Have you ever made poached eggs? Eggs are cracked open and then added to a pot of simmering, very hot (or lightly boiling) water. They are cooked for a few minutes until the white firms up and the yolk is creamy. Then they’re fished out and enjoyed.

I particularly like the texture of the white — soft and pillowy — and the creaminess of the yolk. This is the type of egg you’d find on Eggs Benedict, but it could also top rice bowls, salad or toast. Or even a noodle bowl.

If you haven’t made poached eggs before, the cooking method might be unfamiliar. But I encourage you to give it a try while you are cooking more and have time for trying.

Make Pickles

Pickle making sounds challenging but with the right recipes, it can actually be a really easy and rewarding culinary endeavor. In terms of easy pickle making, I highly recommend the Half Sour Pickles recipe from The Midnight Baker. I used it over and over again last summer to wonderful results. To make it, you need pickling cucumbers, salt and a few other ingredients you may already have. Oh, and patience. They need to sit in the brine for at least a week. Half sour pickles cannot be canned.

Bread and butter pickles made in the refrigerator are the next step up — a little more technique and some additional ingredients but still pretty easy. Simply Recipes has a reliable Bread and Butter Pickles recipe worth trying and it gives you alternative instructions if you want to take the added step of canning the pickles for long term storage.

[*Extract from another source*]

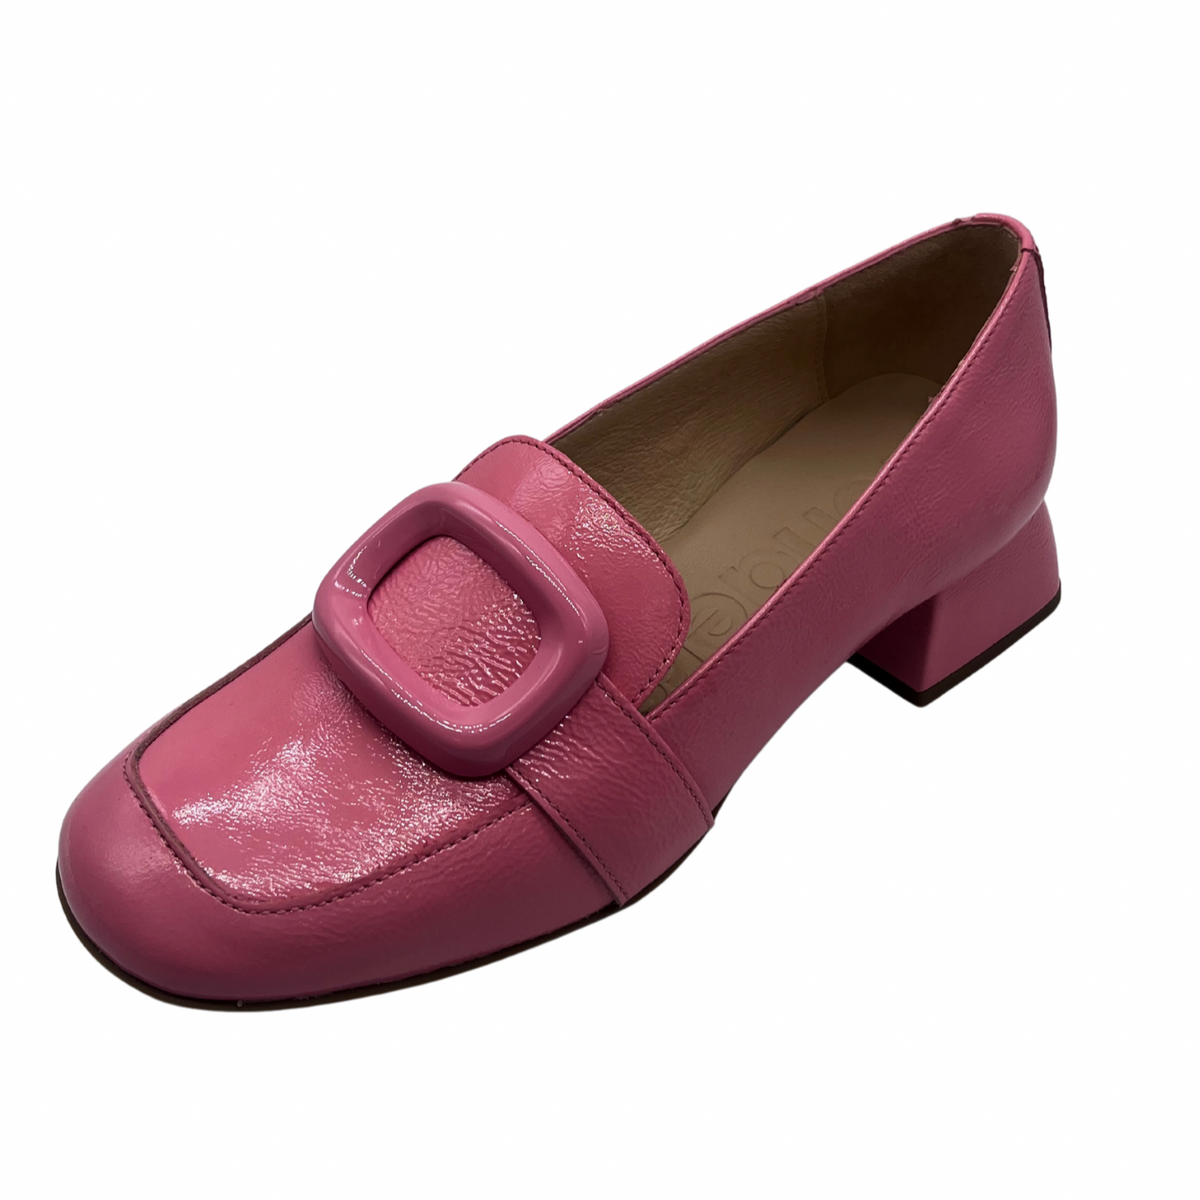 Wonders Patent Pink Low Heel

If dill pickles are your thing, my Easy Refrigerator Dill Pickles are a good way to dip a toe in the water. But if you’d prefer canned pickles for storage, try the Dill Pickles recipe from The Kitchn.

Time to Make the Donuts

You won’t find donut recipes on this site. Until last week, I’d never made them. But I used a recipe from Cooking Light for yeasted donuts made in the air fryer and the results were good. They weren’t quite the Krispy Kreme imitations I dreamt of, but my kids enjoyed them. Plus, it was fun to make something entirely new.

There are dozens and dozens of recipes online for baked, fried and air fryer donuts. Some even skip the dough making and use premade biscuit dough instead. Find one that appeals to you (and that you have the ingredients for) and give it a try.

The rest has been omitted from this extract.